Tuesday, May 4, 2010

Down Day

A nearly sleepless night following an exhausting day yesterday, made for a day where I felt dreadfully slow, and sickly in various ways, and wore my dunce cap all day, too. I lack good judgment when my body is this tired. That is, I can't think well enough to know how to minimize the bad effects of extreme fatigue, and decision-making is a challenge. Last time this happened to me I went shoe-shopping because I had a birthday discount coupon at my favorite store, and I ended up spending a lot of money on the wrong thing, and could not get it back.

So at least I knew enough not to go to any stores. But I didn't take a nap, because I thought, "Naps don't usually work for me." Now I think it would have been worth a try. I didn't spend any money online, either, so that was good. I managed to come up with some short comments on other people's blogs, but I couldn't write anything long and thoughtful, so as to make progress on my book reviews, for example.
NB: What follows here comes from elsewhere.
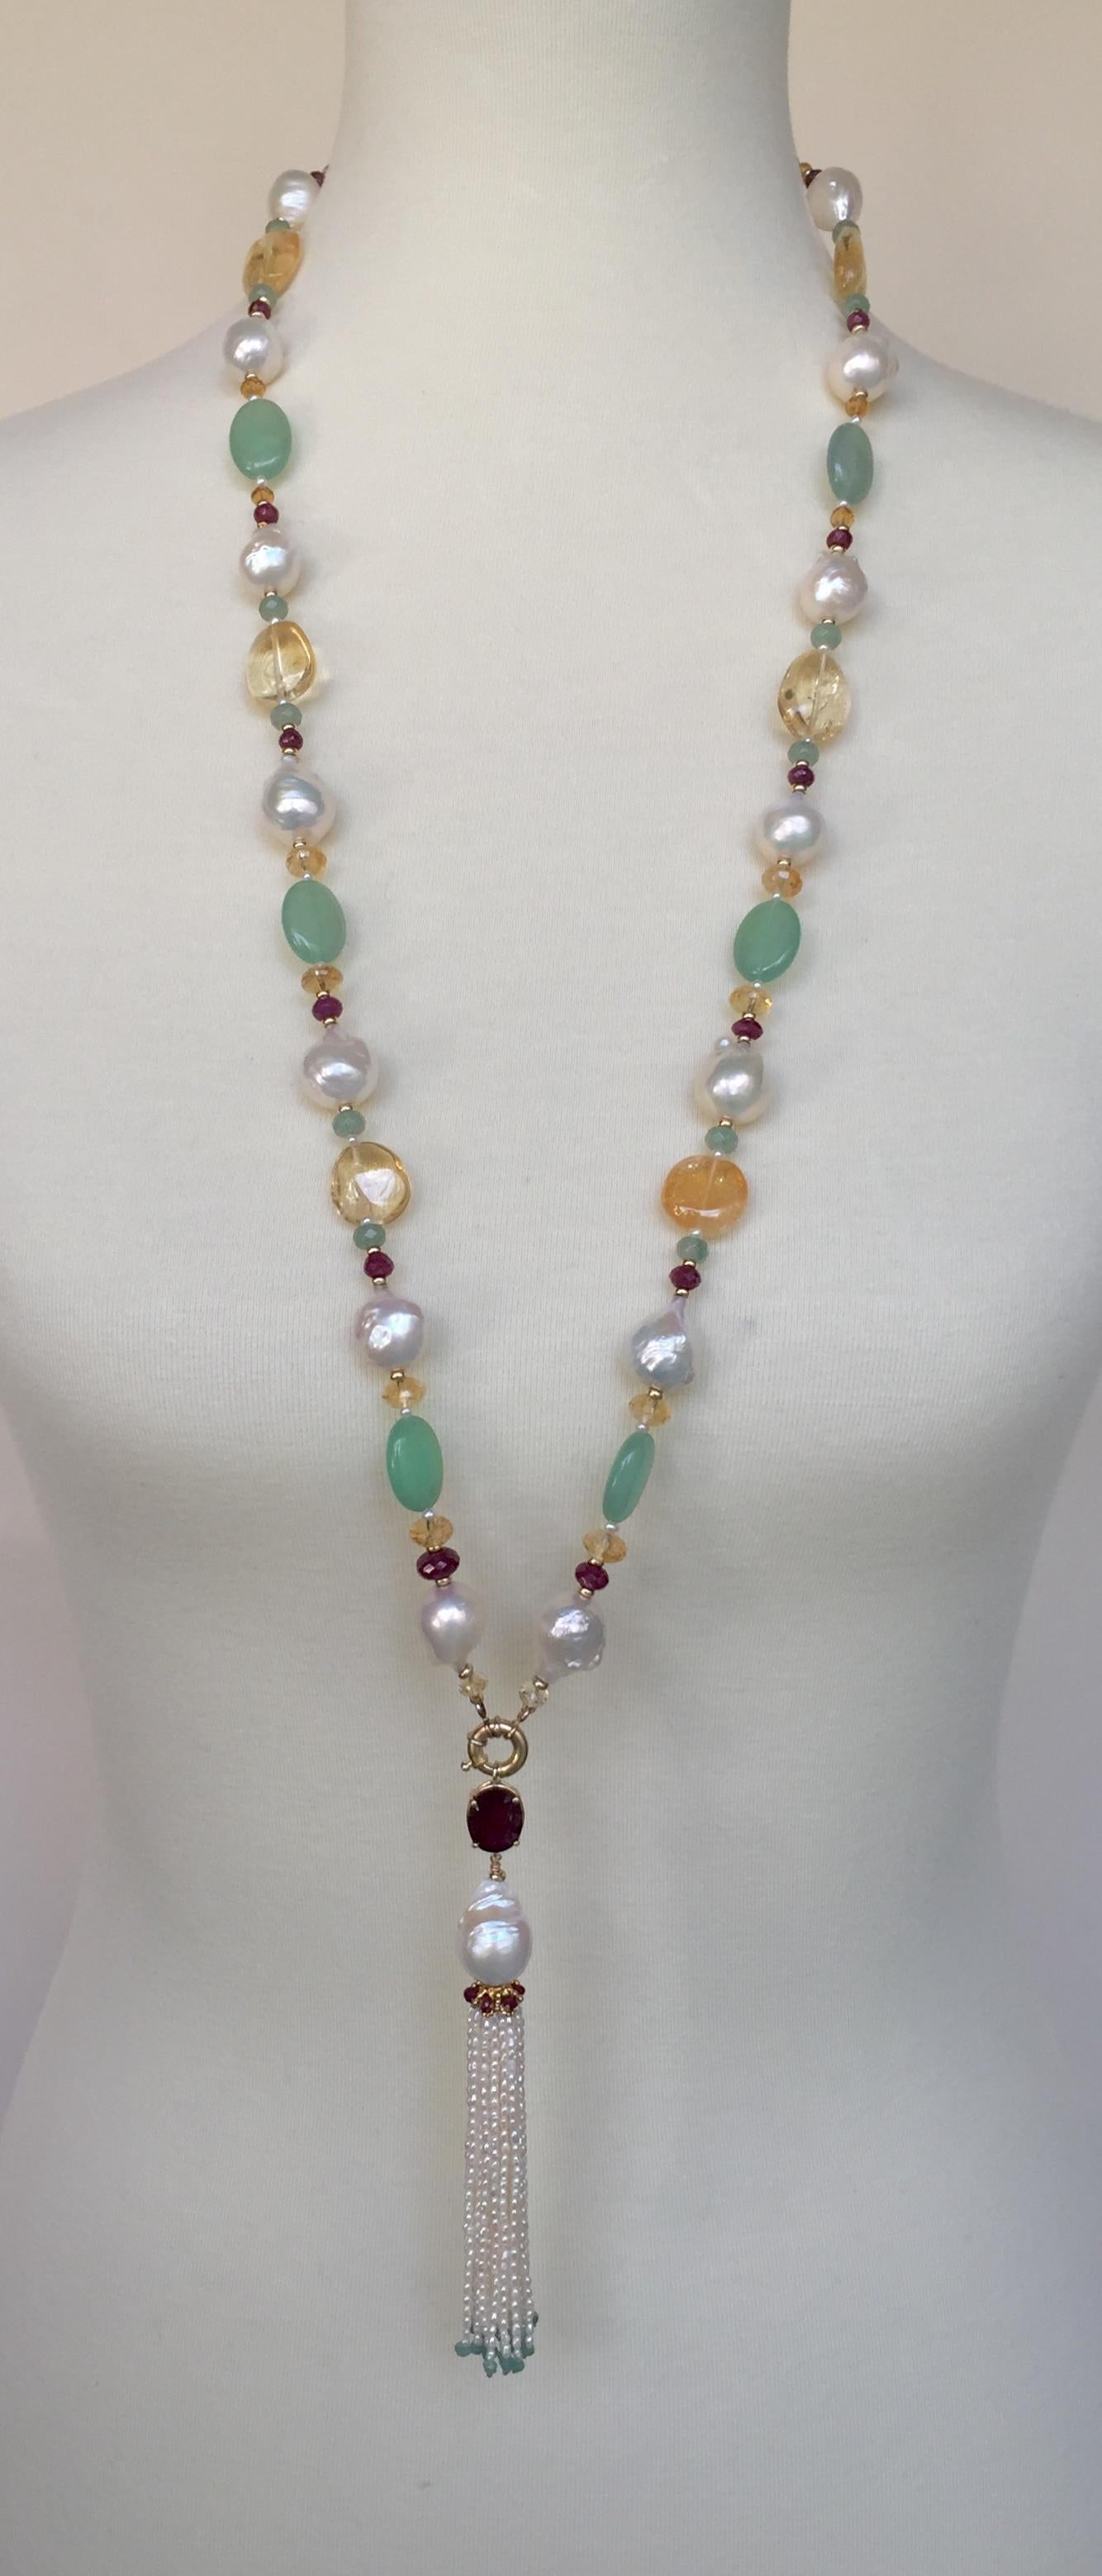 Glittering ruby, citrine, 14k yellow gold and apaptite complete this sautoir necklace with removable tassel. The warm tones of the 14k yellow gold beads, ruby stones, and citrine go  with the cooler toned of the white pearls, apatite, and green

I accomplished about a tenth of what I'd put on my to-do list yesterday. I stayed home and did a little laundry, a little sorting of this and that, and I deadheaded the tea roses. I also picked a couple of rosebuds to add to this bouquet I started yesterday, from some of the things blooming in the yard.
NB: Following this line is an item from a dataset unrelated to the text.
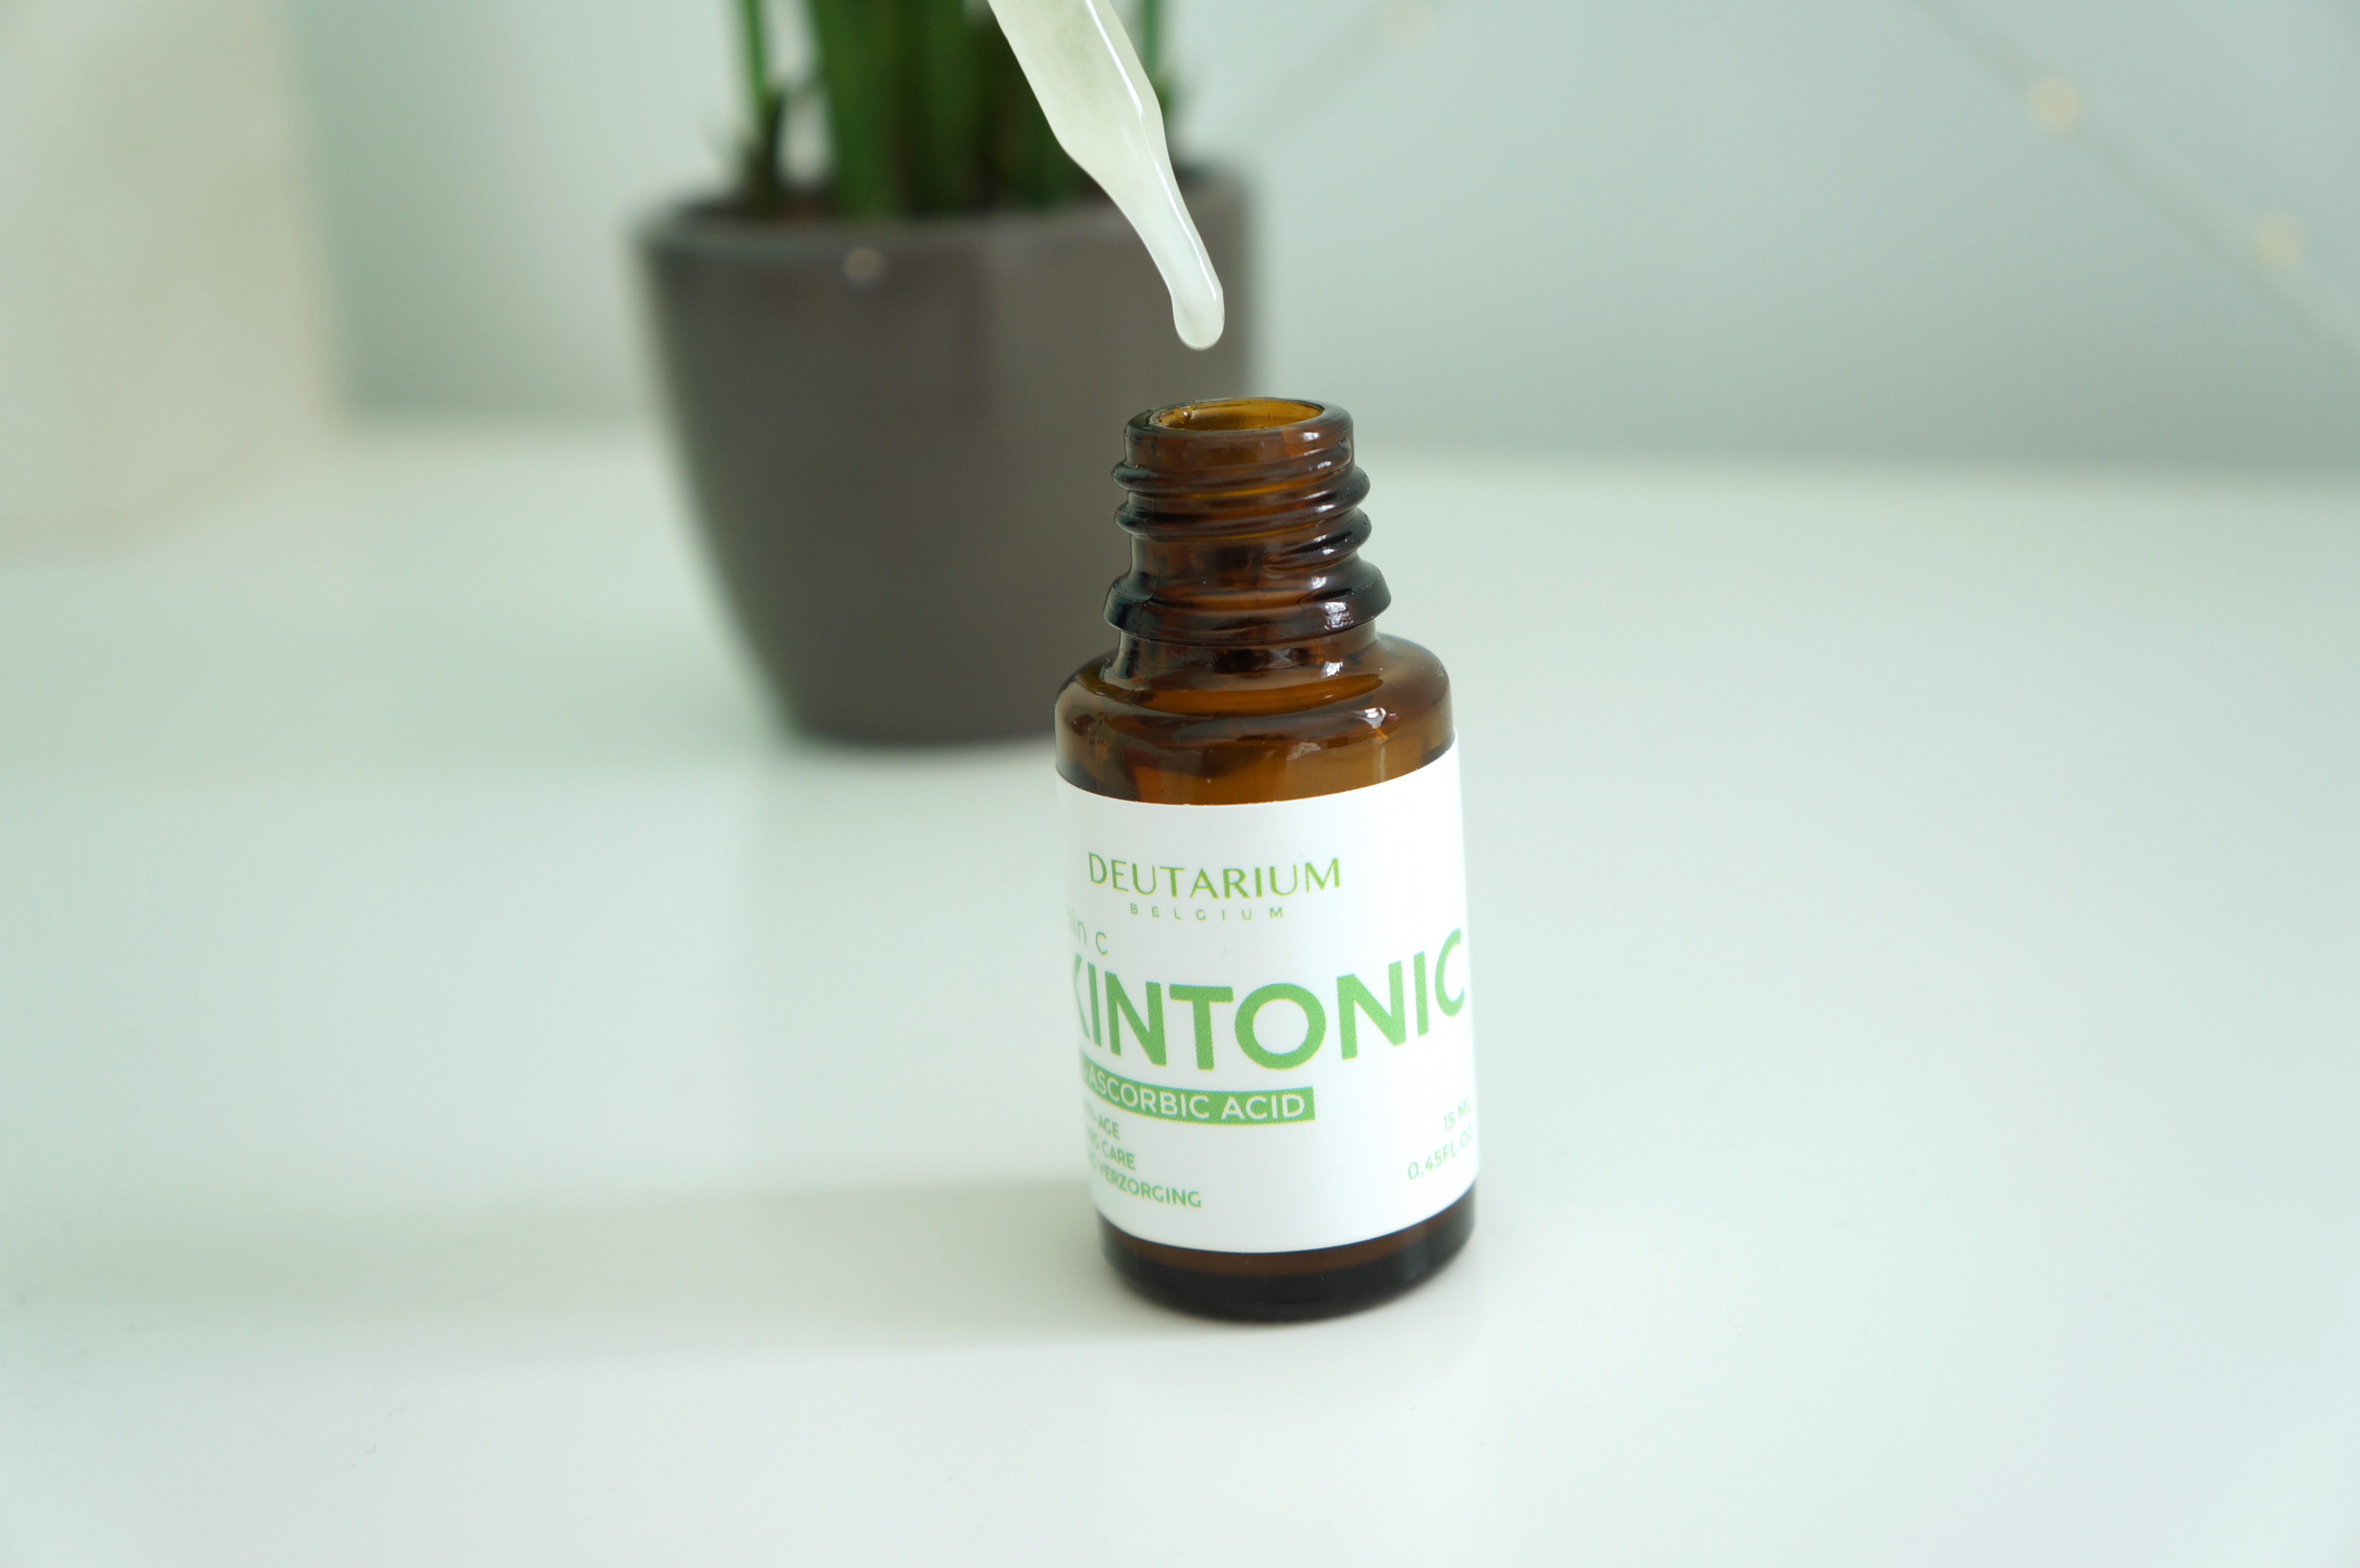 Skintonic by Deutarium / Pic by 1FDLE.

Now I have taken my Benadryl, to make sure that I sleep deeply. I had to take it early, because it takes a good twelve hours to get out of my system. Tomorrow has its own long list of projects and I don't want to risk another day down. Thank God I can afford to have a surprise slow day and not make a lot of people suffer for what I didn't do.
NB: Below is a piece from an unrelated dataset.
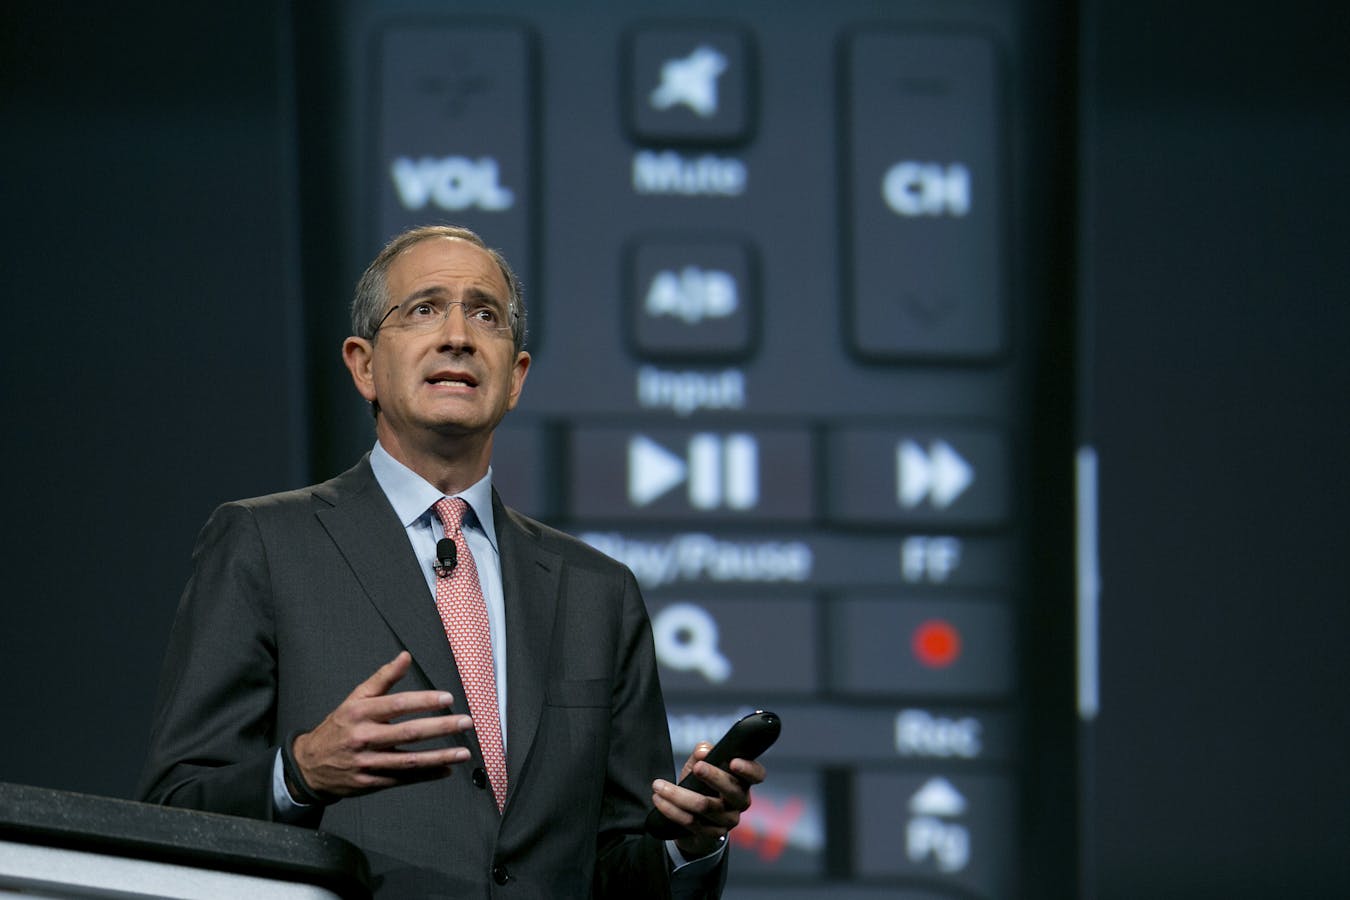 Comcast CEO Brian Roberts. Photo by Bloomberg.

If this quote from Bill Watterson, creator of Calvin and Hobbes, is true, "God put me on this earth to accomplish a certain number of things. Right now I am so far behind that I will never die," then I will wake up again tomorrow and be delighted to see that my dunce cap is no where to be seen. 

9 comments:

Jeannette said...

aw...I hear you

Pom Pom said...

I have those days, too. I get a bit frightened when I am running slow and frustrated when the expectations are high and I'm struggling to meet them. I'm glad to hear ambitious and productive people like you experience these days of fuzzy tiredness like I do. Sometimes it's hard for me to be patient with myself or rational and then He reminds me of His unique time line. Whew. Your flowers are stunning!

DebD said...

I deal with insomnia quite often and know what it's like to go through a day or two in a fog. I hope you got the sleep you really needed. Benedryl is a great idea.

elizabeth said...

Insomnia is hard! I have struggled with it too. Good for you for resting.

Am reading a really interesting book right now, titled _The Hidden Link Between Adrenaline and Stress_ by Dr Archibald Hart... a good friend of mine recommended his books to me for anxiety (which insomnia is often linked to) and it is really good; I feel like it is a missing 'how to' book on life in this century! Eventually I hope to do some book reviews about these books, but you can look them up and read parts of chapters, which is what I did before buying them...

Anyway, this book is esp. good for those of us who find ourselves with a lot to do!

Hope today is a better day for you!

Chocolatesa said...

Story of my life. Or almost. I wish I was one of those people who can be fully awake all day with full use of their mind after 7 or 8 hours of sleep. I need at least 9, which I don't usually get.

M.K. said...

I have these fuzzy days too. You're wise to stay at home :) However, I'll say that the vase of flowers belies your addled-headedness. They look bright, perky, ready for action!

Leslie said...

I hope you have had a much better day today and that tomorrow will be absolutely fabulous!! I get down days, too, and they usually include a bad headache. I love the variety of colors in your lovely bouquet.

Cathy said...

Loved your Bill Watterman quote.

A quote that came to my mind after reading your blog entry was from Anne of Green Gables,"...isn't it nice to know that tomorrow is a new day with no mistakes in it yet?"

I am hoping today is a clearer day for you.

magsmcc said...

Well, GJ, I'm feeling humbled indeed now that I have visited your blog. It is like stepping inside a hushed and hallowed library where the very air whispers life in many voices! I don't think you should stoop to the muddy crunch underfoot at Strawberry Land at all- though of course I'd be delighted to pull up a weathered garden chair for you any day when you need to snooze! I am searching my settings to find cookies, but at this rate I should just bake some! Support team definitely needed on this one!